Inleiding
Het in deel II opgenomen materiaal omvat de volledige door Uilkema bijeengebrachte collectie documentaire tekeningen van boerderijcomplexen of onderdelen daarvan.
Van ieder van deze in totaal 388 documentaties is hier het volledige veldwerk, de uitgewerkte lijntekening en één of meer foto's opgenomen. De overige bij de opmetingen behorende foto's staan afgedrukt in deel I; op dit punt is hier niet naar volledigheid gestreefd om onnodige verdubbeling te voorkomen. De opgenomen foto's geven een zo volledig mogelijk overzichtsbeeld van het betreffende complex. Wat de overige afbeeldingen betreft is er naar gestreefd de veldwerktekeningen zo groot mogelijk weer te geven met het oog op de leesbaarheid van de vele hierin opgenomen aantekeningen. Het onderlinge verschil in afmetingen van de originele tekeningbladen maakt dat deze dientengevolge sterk van schaal verschillen. Alleen de wetenschap dat de tekeningen door Uilkema op millimeterpapier op een schaal 1:100 werden getekend maakt het mogelijk om (door het tellen van de ruitjes) een indicatie te krijgen van de werkelijke afmetingen van de boerderij. Om de omvang van de verschillende complexen echter ook op eenvoudiger wijze te kunnen vergelijken zijn de uitgewerkte lijntekeningen alle op dezelfde schaal (1:400) afgedrukt, wat een soms buitengewoon verrassend en zeer instructief beeld oplevert. De keuze van de schaal, die in de meeste gevallen een verkleining van het origineel met factor vier inhoudt, werd bepaald door het feit dat ook de omvangrijkste complexen nog binnen de bladspiegel moesten passen. Kleinere boerderijen, keuterijtjes en plaggenhutten worden op deze schaal onvermijdelijk vrijwel tot postzegelformaat gereduceerd. In die gevallen waar dit tot een onaanvaardbaar verlies aan informatie dreigde te leiden is daarom naast de standaardopname van 1:400 dezelfde tekening ook nog eens op een grotere schaal afgedrukt.
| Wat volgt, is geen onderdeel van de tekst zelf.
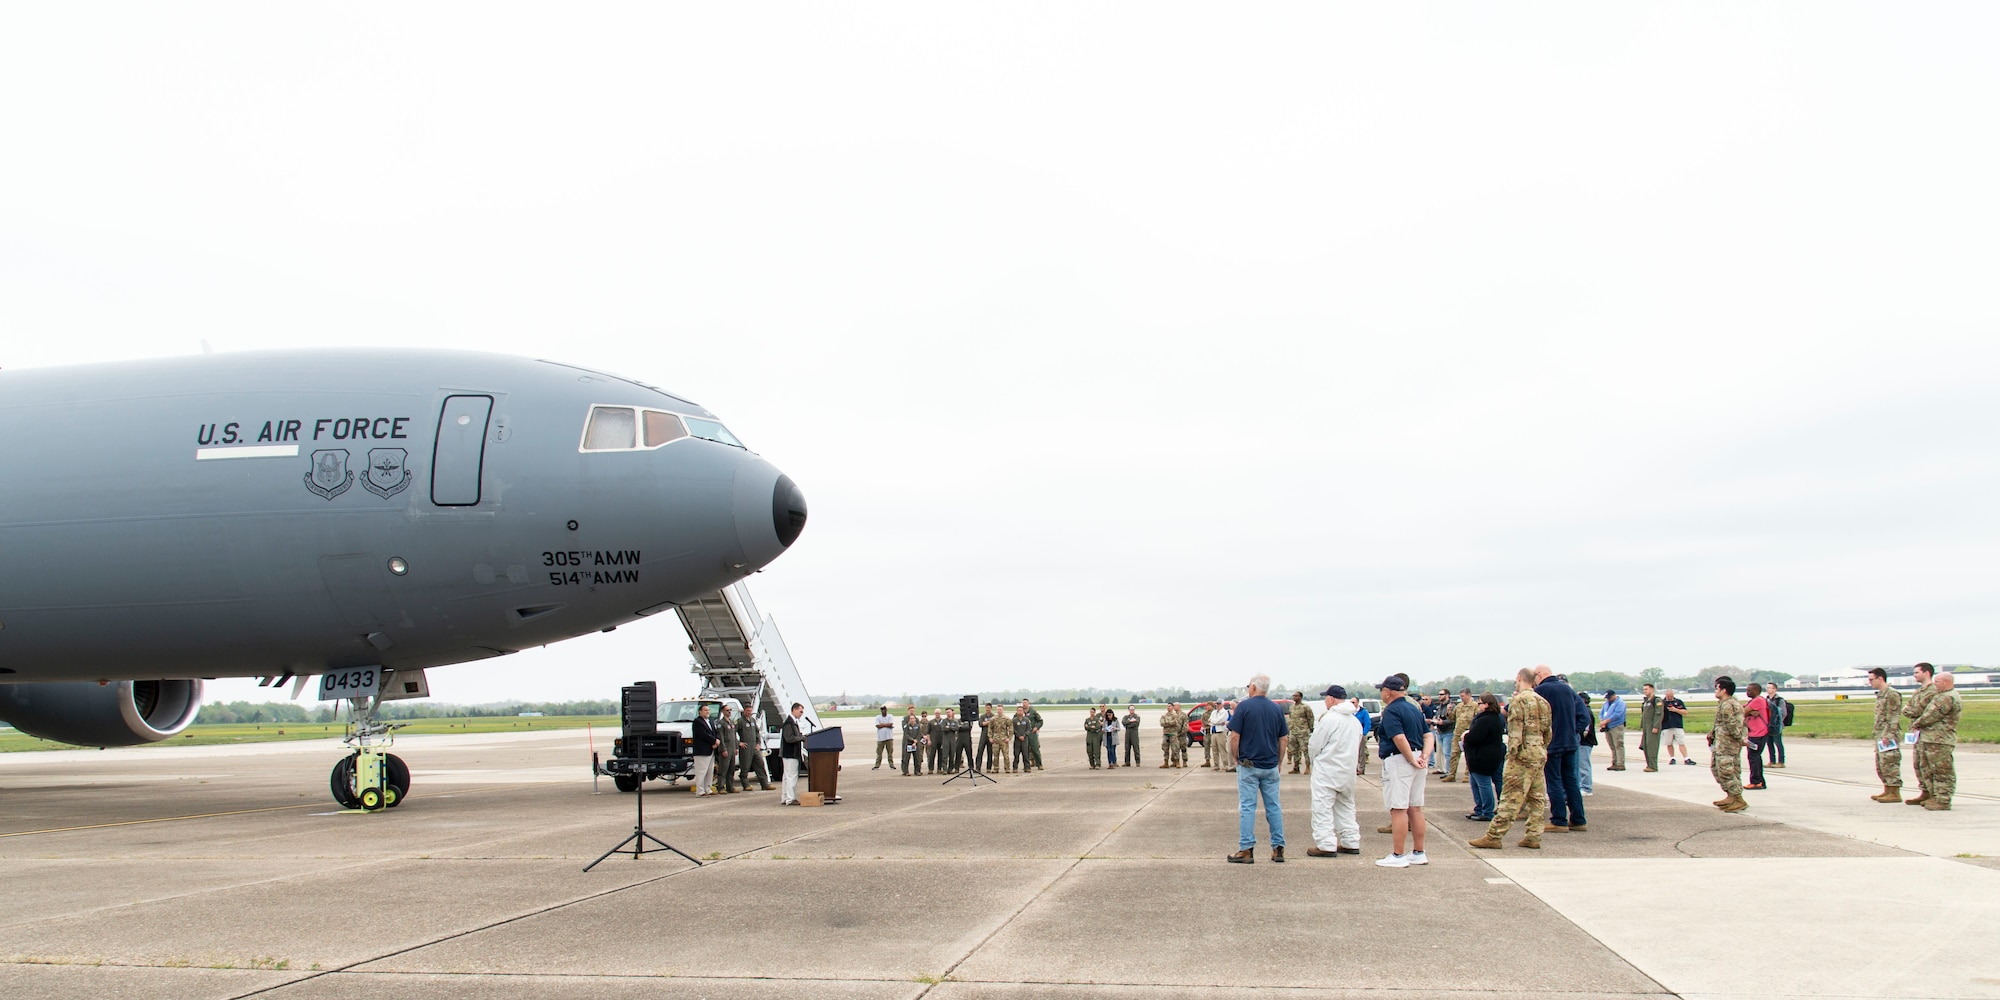 Attendees listen to guest speakers during a KC-10A Extender retirement ceremony at the Air Mobility Command Museum on Dover Air Force Base, Delaware, April 26, 2022. This particular aircraft was the first of 60 Extenders that entered the U.S. Air Force inventory. The aircraft was retired to Dover AFB from Joint Base McGuire-Dix-Lakehurst, New Jersey, to become the 36th addition to the AMC Museum. (U.S. Air Force photo by Roland Balik)

Naast de afgebeelde documentatie is per boerderij een korte begeleidende tekst opgenomen. Hierin wordt iedere boerderij afzonderlijk beschreven om de plattegrondtekeningen, waarin alle functie-aanduidingen ontbreken, ook voor de niet bouwkundig geschoolde lezer toegankelijk te maken. Op basis van de door Uilkema gemaakte aantekeningen en beschrijvingen wordt zowel nader ingegaan op de indeling van de gebouwen en het gebruik van de verschillende ruimten als op de toegepaste constructie en eventuele eigenaardigheden van de afgebeelde boerderij. Waar het veldwerk dergelijke gegevens bevatte wordt in de tekst tevens melding gemaakt van bouwsporen en hun relatie tot de geschiedenis van het afgebeelde object, alsmede van de door Uilkema aangehouden datering. Waar mogelijk wordt tevens nader ingegaan op de betekenis van het betreffende object voor zijn onderzoek en de voornaamste conclusies die hij hieraan ontleende. Bij al deze gegevens, die grotendeels aan Uilkema's aantekeningen, conceptteksten en publikaties werden ontleend, is regelmatig gebruik gemaakt van citaten uit zijn werk, die cursief zijn afgedrukt om ze duidelijk te onderscheiden van de overige tekst. Bij gebruik van streektermen zijn hierin, waar nodig, verklarende begrippen tussen haakjes en niet-gecursiveerd opgenomen.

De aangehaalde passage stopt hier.